Frequently asked questions

Can I bring a safety razor on a plane?
Yes, the handle and head can travel in carry-on. The loose double-edge blade must be in your checked bag. This rule comes directly from the TSA, which allows safety razors through screening only when no blade is installed.
Can I bring a razor in my carry on?
Cartridge razors, disposables, and electric razors yes. Safety razor handles yes. Loose DE blades and straight razors no, those must be in checked baggage.
Can I bring disposable razors on a plane?
Yes, in carry-on or checked bag. The TSA does not restrict disposable cartridge razors because the blade is sealed into the plastic head and cannot be removed.
Are razors allowed on planes?
Most razors are. Disposables, cartridge razors, electric razors, and safety razor handles all clear TSA carry-on screening. Only straight razors and loose double-edge blades are restricted to checked baggage.
Can I take a razor on a plane internationally?
Default rule: blades in checked, handles in carry-on. The EU, UK, and Japan match the U.S. on loose blades. Australia is technically more permissive but flagged as a Security item, so checked is still safer.

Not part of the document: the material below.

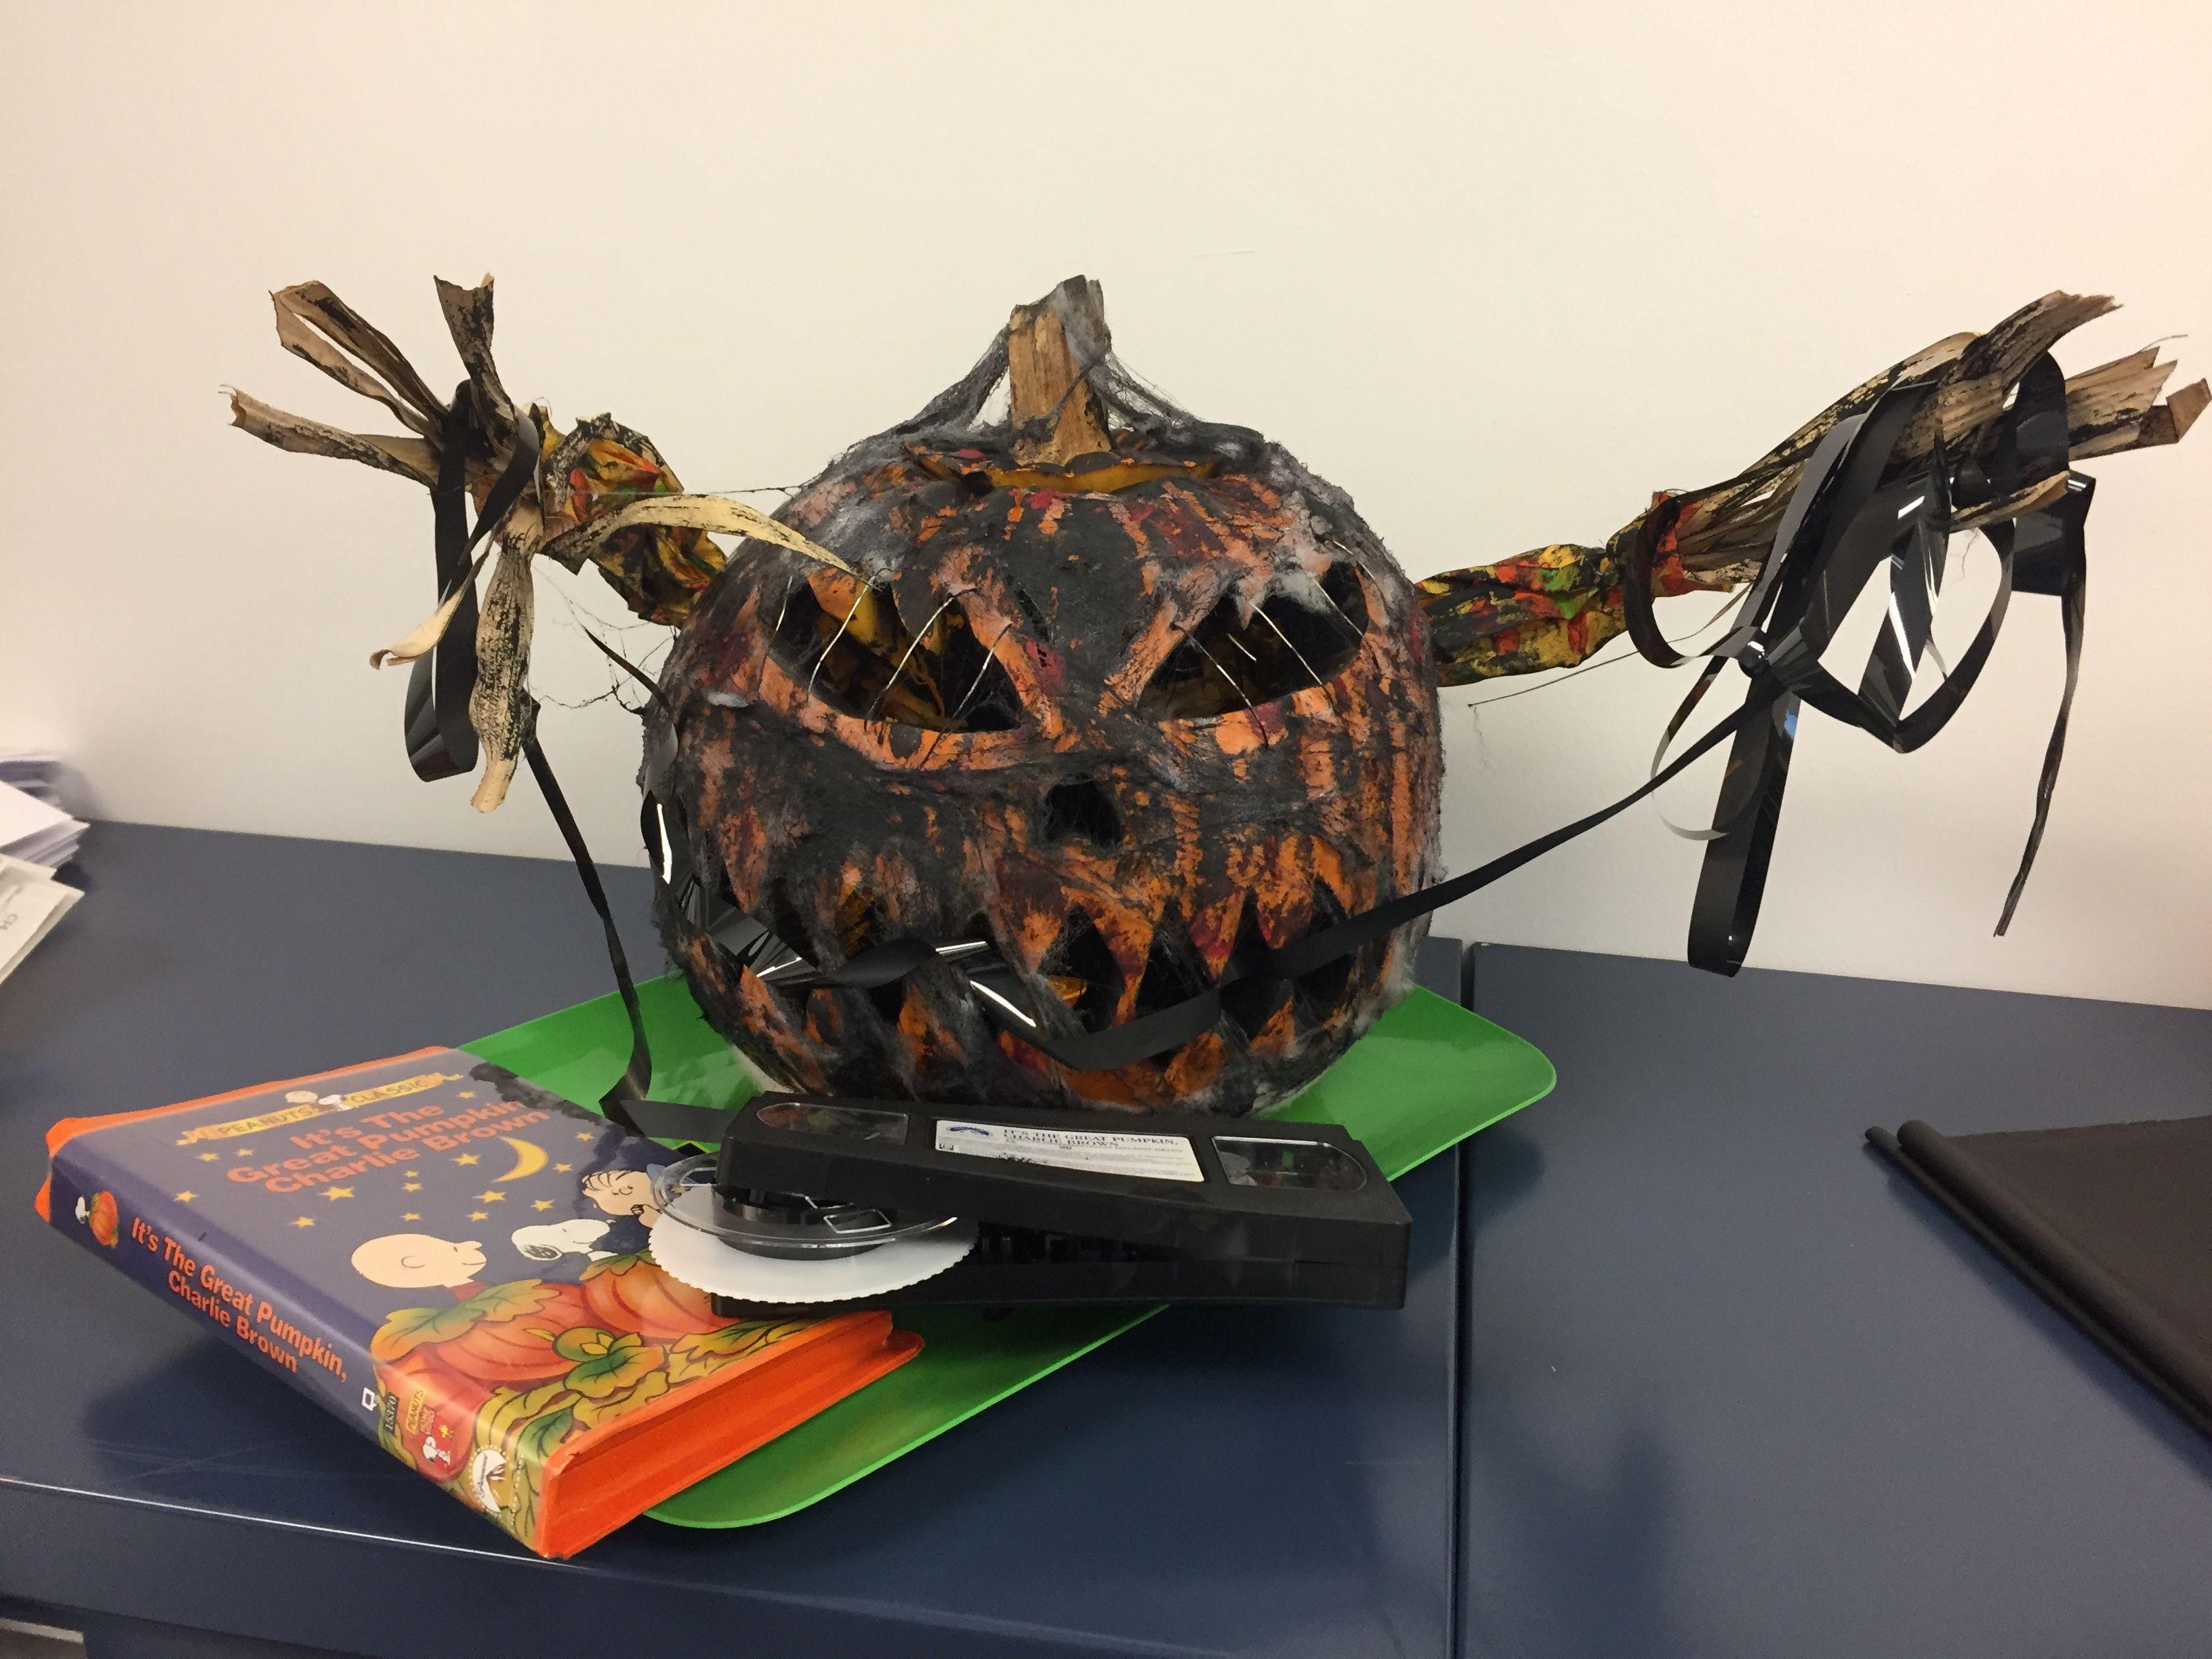 Burned pumpkin
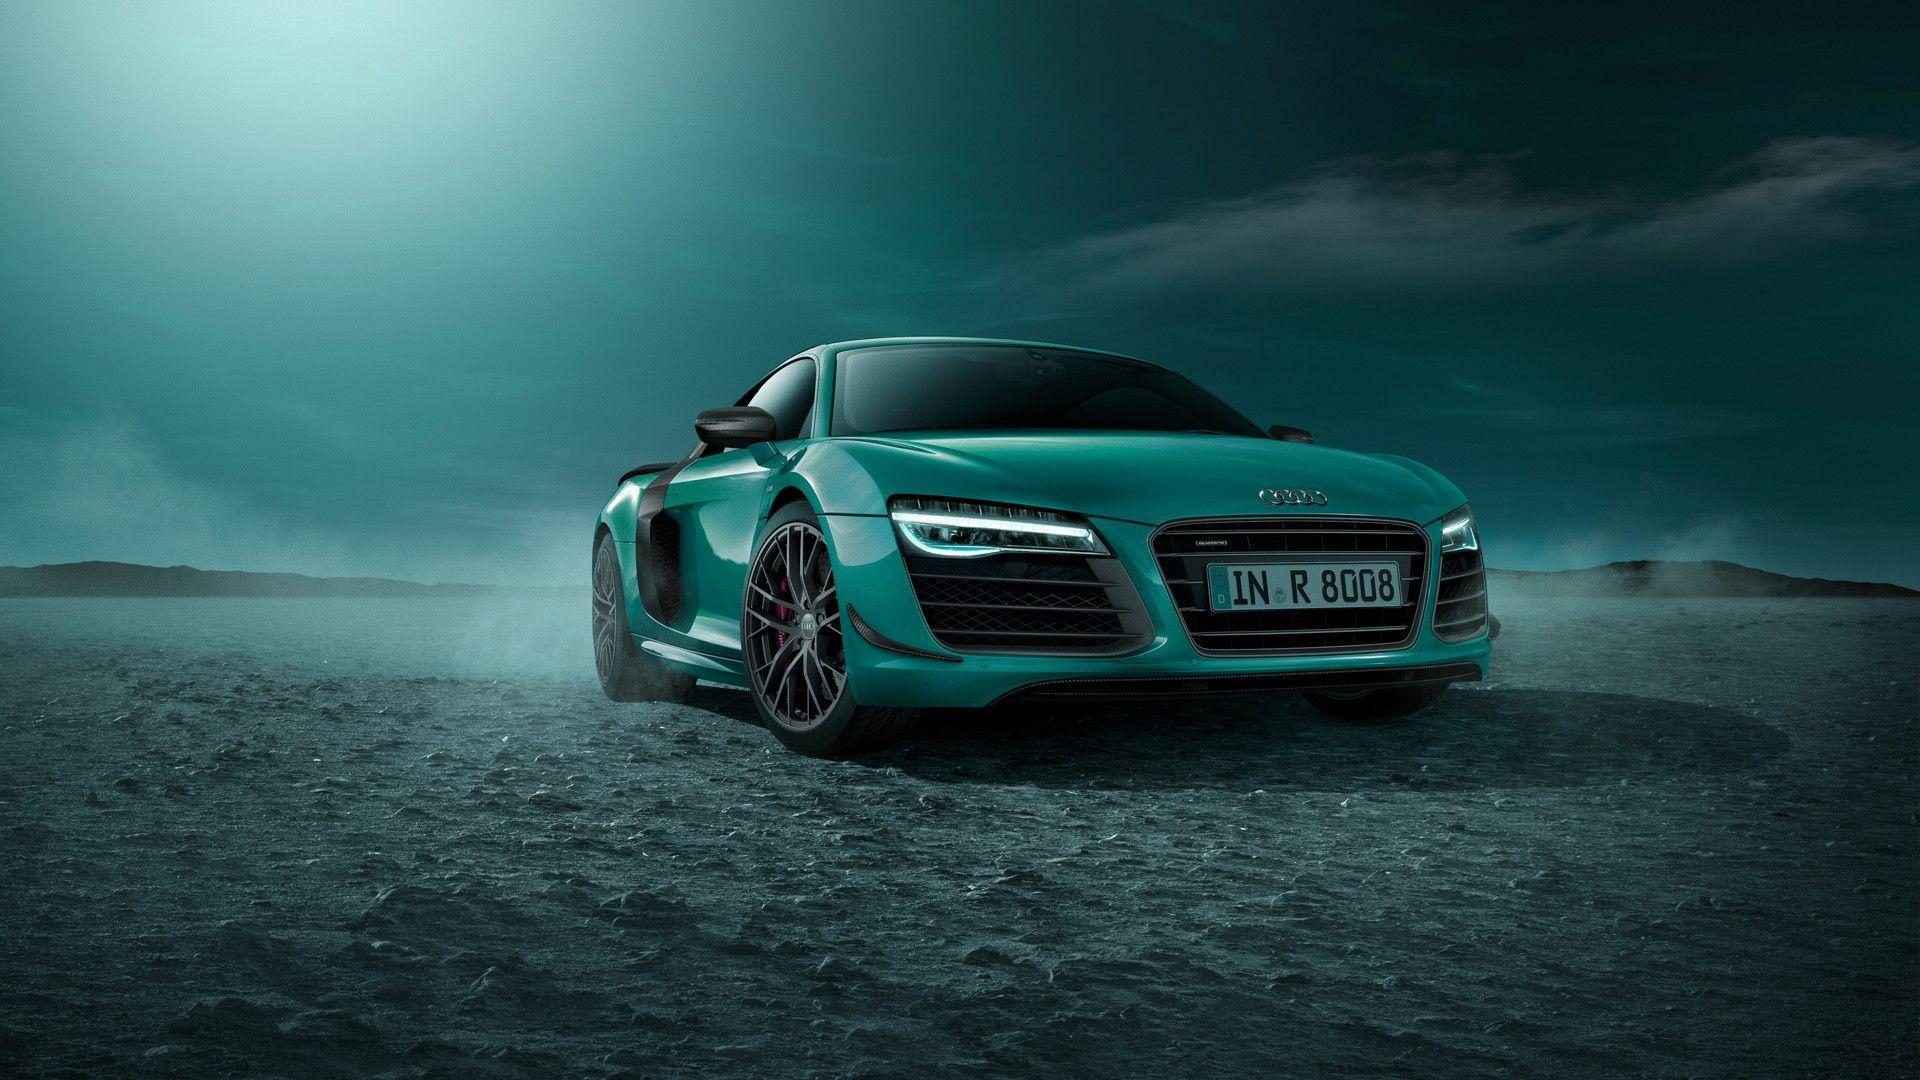 58 Best Free 8k Ultra Hd Audi Wallpapers Wallpaperaccess

Can I bring razor blades on a plane?
In the U.S., EU, UK, and Japan: loose double-edge or single-edge replacement blades must travel in checked baggage. In Australia, technically allowed in carry-on but at screener discretion. Checked is still the safer default.
What happens if I forget and leave a blade in my razor?
TSA screeners may pull your bag for secondary inspection, remove the blade, and discard it. You will not be cited or fined, but you may lose the blade and possibly the razor depending on the agent.
How many razor blades can I bring in checked baggage?
There is no quantity limit on DE blades in checked luggage. Bring as many sealed packs as you need, wrapped to prevent injury to baggage handlers.